Did you read both stories?

I tried to load up my intro with pathos so that sensitive scientists like you would know that I'm on your side, but that I think there may be scientists out there who are less worried about objective truth and more worried about meeting grant requirements. Or a little overconfident in their initial hypothesis.

I would like to think that Dunbar, who is a psychologist (so not even a real scientist) used the statistically significant method – but it would appear that his stats were significant (rather than the 5%)…
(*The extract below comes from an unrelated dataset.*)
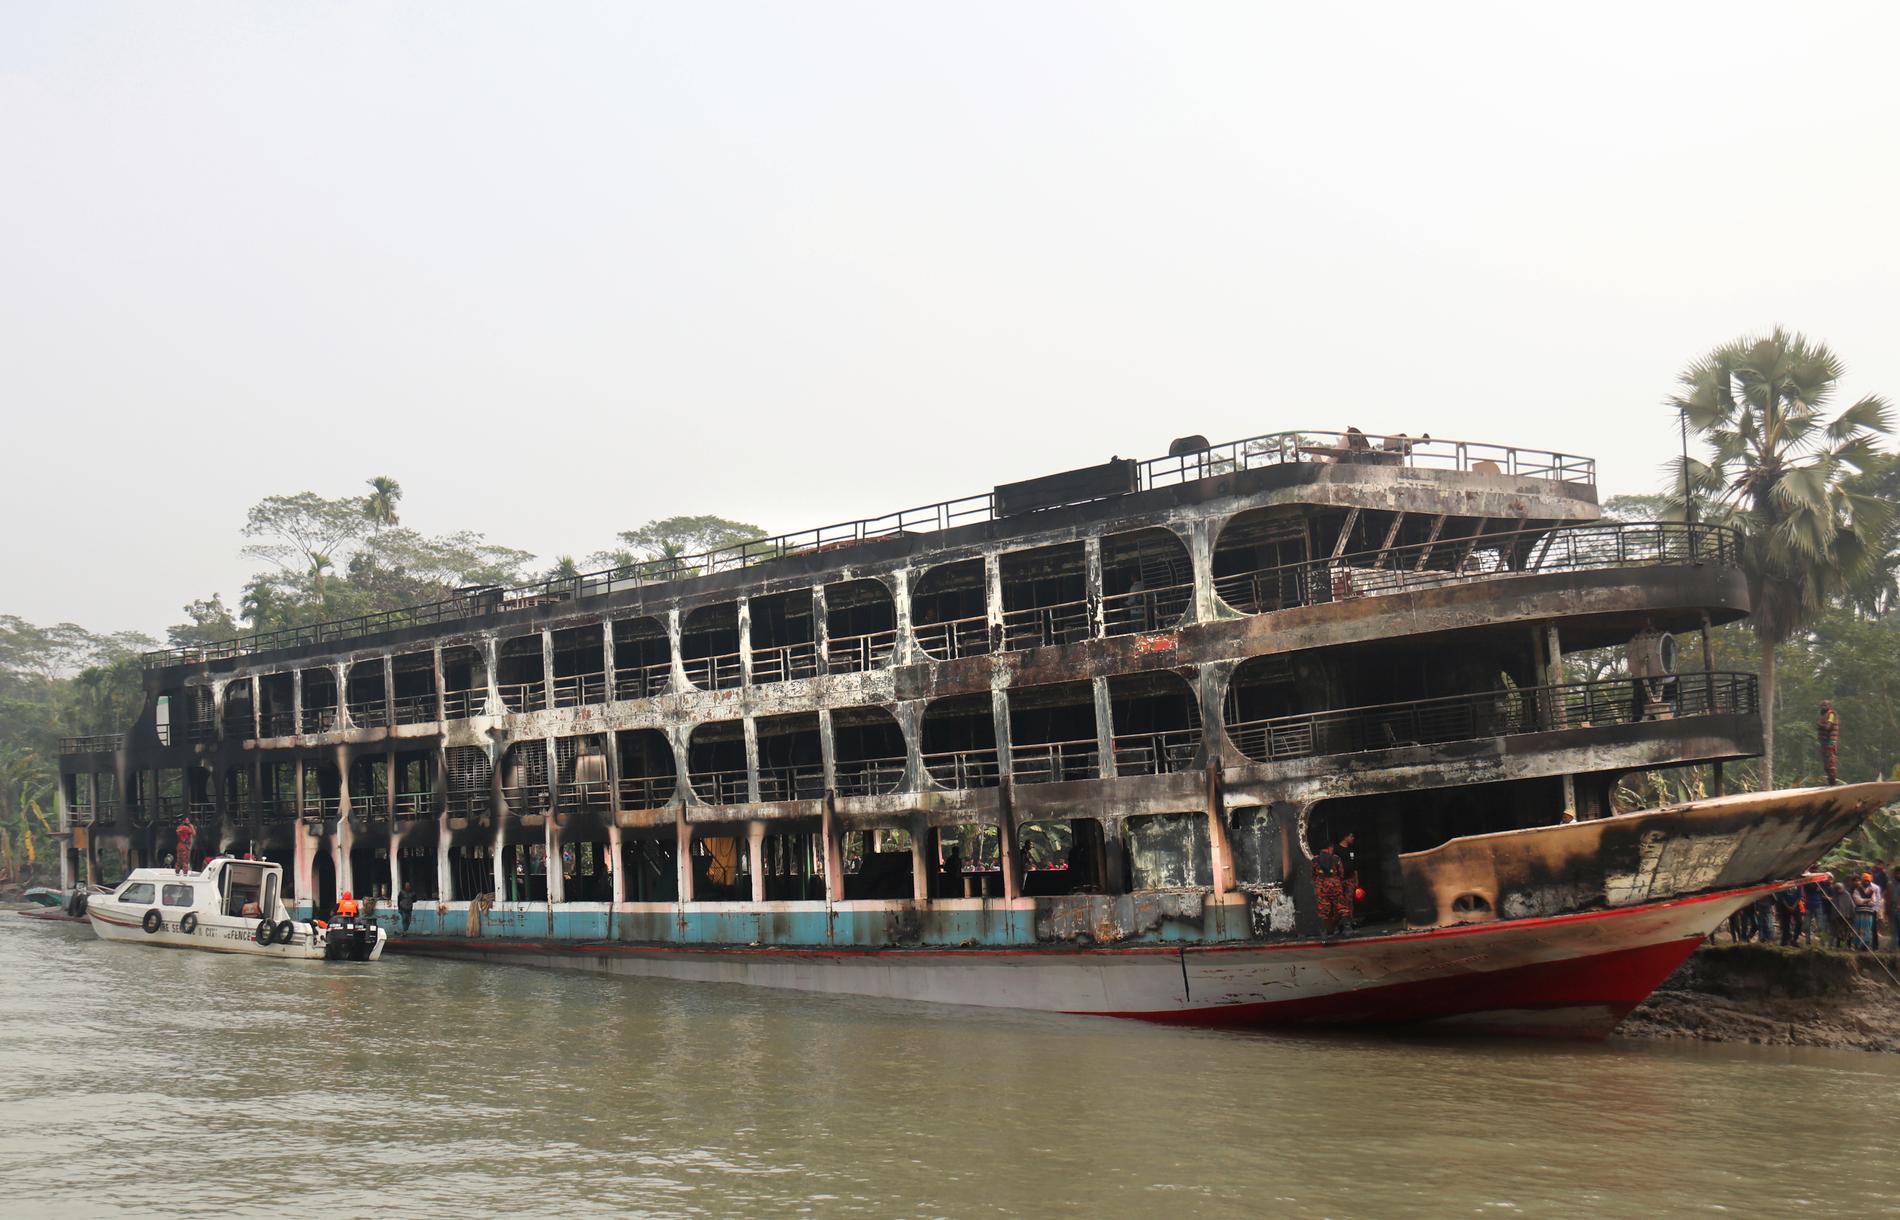 Färjan var på väg från Bangladesh huvudstad Dhaka när den började brinna. 800 passagerare fanns ombord och hittills har 39 rapporterats döda och över 70 skadats.
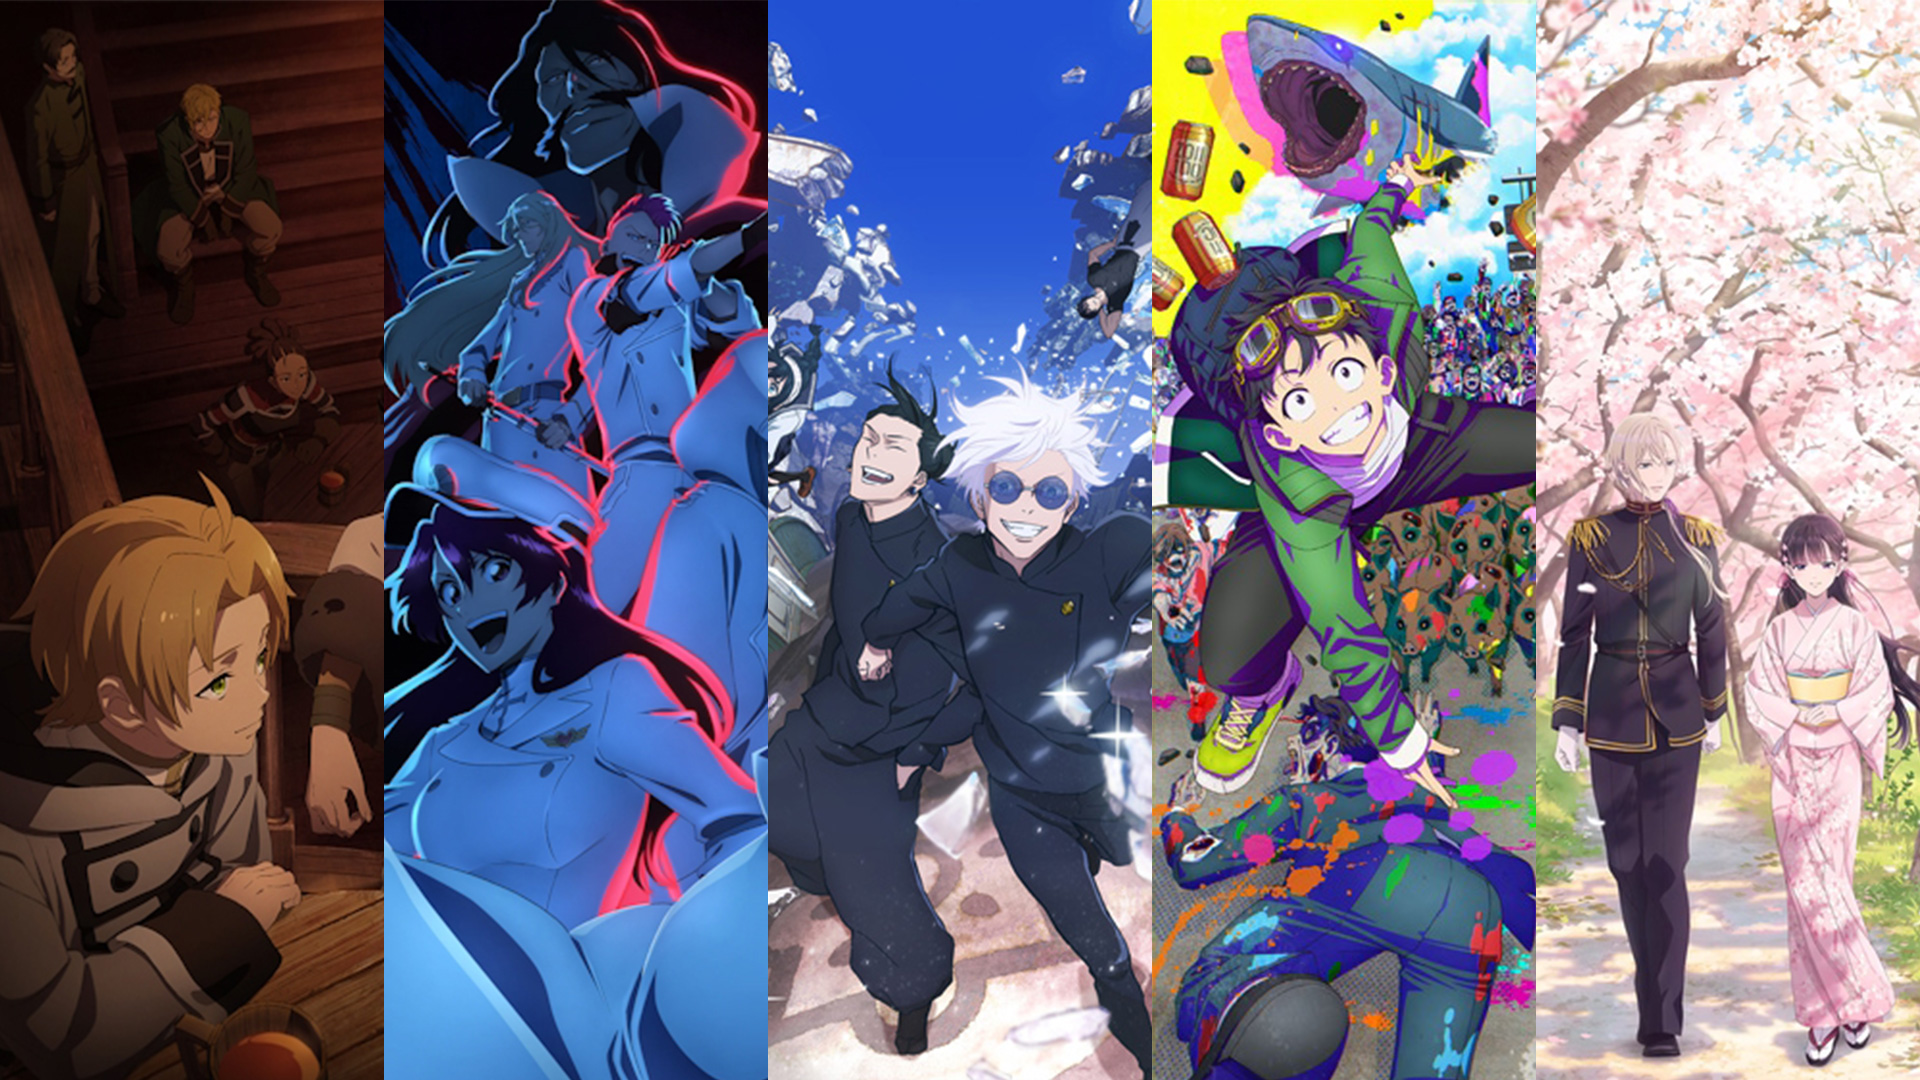 Top 10 Melhores Animes de Romance para Assistir em 2023

We should attribute the advance made in the natural science over the past couple of years to Darwin, who was an outlier (outliers are described in the Wired article). Rather than to the science establishment. Basically Dunbar argues that outliers bring rapid change to scientific thought while the system perpetuates slow advances based on inherent "inside the box" thinking by people with narrow specialties.

Once a big change in thinking happens it gives these scientists something new and exciting to work with.

I suspect we owe a fair bit to brave men who installed taps in the stomachs of cows too.

Some more quotes from the Wired article:

"The reason, according to Veblen, was that Jews were perpetual outsiders, which filled them with a “skeptical animus.” Because they had no vested interest in “the alien lines of gentile inquiry,” they were able to question everything, even the most cherished of assumptions. Just look at Einstein, who did much of his most radical work as a lowly patent clerk in Bern, Switzerland. According to Veblen’s logic, if Einstein had gotten tenure at an elite German university, he would have become just another physics professor with a vested interest in the space-time status quo. He would never have noticed the anomalies that led him to develop the theory of relativity."

Modern science is populated by expert insiders, schooled in narrow disciplines. Researchers have all studied the same thick textbooks, which make the world of fact seem settled. This led Kuhn, the philosopher of science, to argue that the only scientists capable of acknowledging the anomalies — and thus shifting paradigms and starting revolutions — are “either very young or very new to the field.” In other words, they are classic outsiders, naive and untenured. They aren’t inhibited from noticing the failures that point toward new possibilities.

But Dunbar, who had spent all those years watching Stanford scientists struggle and fail, realized that the romantic narrative of the brilliant and perceptive newcomer left something out. After all, most scientific change isn’t abrupt and dramatic; revolutions are rare. Instead, the epiphanies of modern science tend to be subtle and obscure and often come from researchers safely ensconced on the inside. “These aren’t Einstein figures, working from the outside,” Dunbar says. “These are the guys with big NIH grants.” How do they overcome failure-blindness?

My initial comment – about the danger of seeing science as a holus-bolus solution comes because I think there's a place for not bringing science into realms like philosophy, art, or theology. Science might be able to explain why sounds make music nice, or why light makes paintings appealing – but there's something I don't like about our quest to understand everything through our senses.